Типа: Воевода Всеволжский — сильнее владыки Ростовского.
"Смерть — высшая степень унижения".
Унижение — для него, возвеличивание — для меня.
Ещё: я не могу поручить это дело кому-нибудь из своих людей. Оно... против общего русского закона, против "с дедов-прадедов заведено". Это — новизна. По общему чувству — опасная для жизни и души.
Только — личным примером. Первому — мне. Не посылая на столь опасное дело кого-то другого.
Для них это святотатство. За которым последует расплата. Наказание божье, казни египетские. По "Житию Авраамия Смоленского":
"И после того как блаженный скончался, сбылось пророчество святых апостолов о преследовавших и прогнавших святого, так что одних из епископов постигла внезапная смерть, у других же появились на ногах синие прыщи, которые лопались, а еще одному внезапный огонь, сошедший свыше, иссушил руки и ноги, у другого же распухла нога и начала гнить, а поскольку она прикасалась к другой, зараза перешла и на ту, и он умер лишь через три года, у другого же язык стал как затычка во рту, и, написав на доске, он признал свой грех, что изрек хулу на святого Иоанна Златоуста; а Евдоксию поразила жестокая болезнь, ибо у нее из недр шла кровь, а потом был смрад, и она извергла из себя червей, и так злообразно кончила она свою жизнь горькой смертью".

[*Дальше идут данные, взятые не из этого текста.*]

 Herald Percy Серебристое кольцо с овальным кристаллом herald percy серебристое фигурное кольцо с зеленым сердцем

Мои люди, выросшие в этом, впитавшие "с молоком матери" вот такие суждения авторитетнейших мудрецов, ожидают вот таких последствий. С синими прыщами, иссушением или опуханием, с кровотечениями и червячками из разных мест.
По вере своей.
А мне — пофиг. Бред, брёх и суеверия.
Им — нельзя, мне — можно. Нужно.
"Будущее вкус не портит мне,
Мне дрожать за будущее лень;
Думать каждый день о чёрном дне -
Значит делать чёрным каждый день".
Нет на них Губермана.
Вымаливать, чтобы "ответка не прилетела", чтобы "чёрный день" не настал... Не моё.
"А не верю я
И ни в сон, и ни в чох,
Ни в вороний грай.
А я верую в свой червлёный вяз".
И Васьки Буслая — тоже пока нет.
Я этого хочу. Я хочу, чтобы эта сука — сдохла.

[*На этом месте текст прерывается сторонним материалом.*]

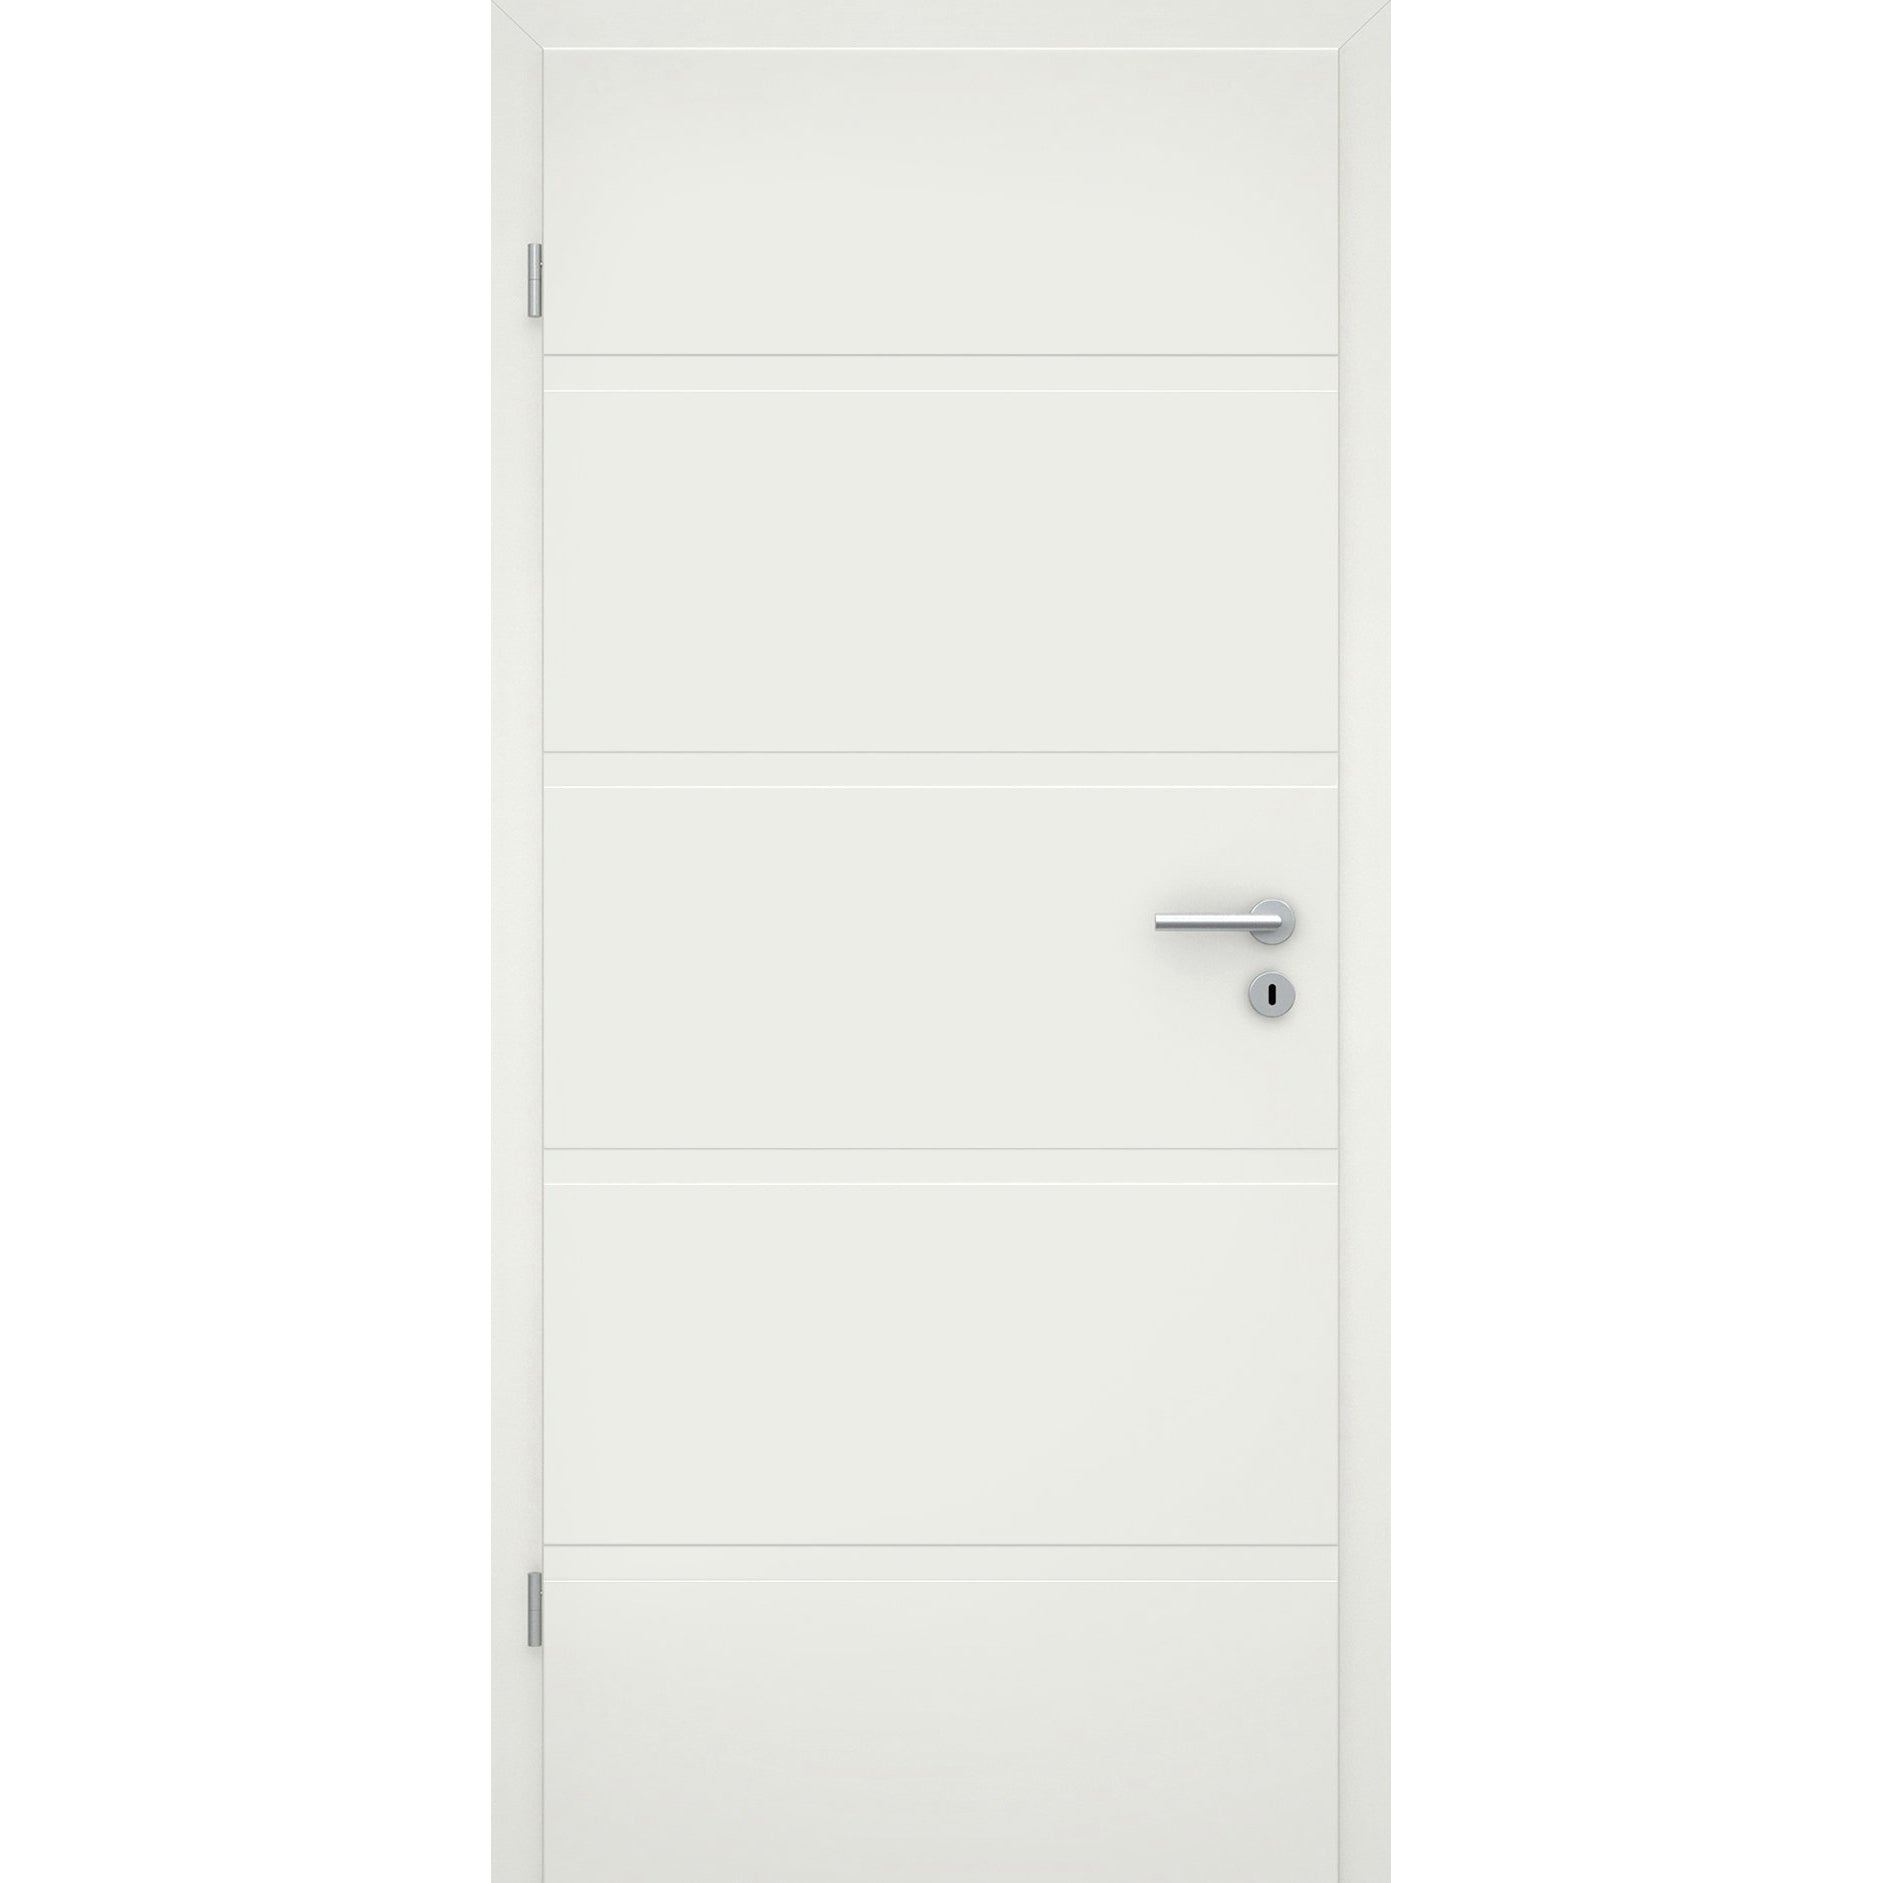 Wohnungseingangstür soft-weiß 4 breite Rillen Eckkante SK1 / KK3 - Modell Designtür QB41

Треугольный нож, утяжелённый по верхней кромке дубовым брусом, стремительно ускоряясь по закону сами знаете какого Исаака, мгновенно пролетел по смазанным колёсной мазью канавкам в столбах гильотины.
Ударил Бешеного Федю чуть ниже основания черепа.
Чуть наискосок, из-за запрокинутой головы, прорубил шею.
Чавкнул, хрякнул. Остановился.
Плотно закрывая собой перерубленные артерии дёрнувшегося тела.
Голова, с негромким деревянным стуком, отскочила от удара в корзину.
Гильотина выплюнула. Тьфу.
Пришлось нагибаться, садится на корточки, вынимать отрубленную голову.
У Феди при жизни было не так много волос. В основном — на затылке. Теперь, запустив пальцы в эти лохмы, охватив, чуть наискосок, чтобы вытекающая кровь не замарала мне рукав, ладонью затылок епископской тыковки, я поднял Федину голову перед собой на вытянутой руке. Показал зрителям и, развернув к себе лицом, принялся разговаривать. С отрубленной головой.
Похоже на ибн Саббаха? — Есть разница: тот разговаривал с живой головой. Которая становилась мёртвой после фокуса. Мой фокус чуть сложнее.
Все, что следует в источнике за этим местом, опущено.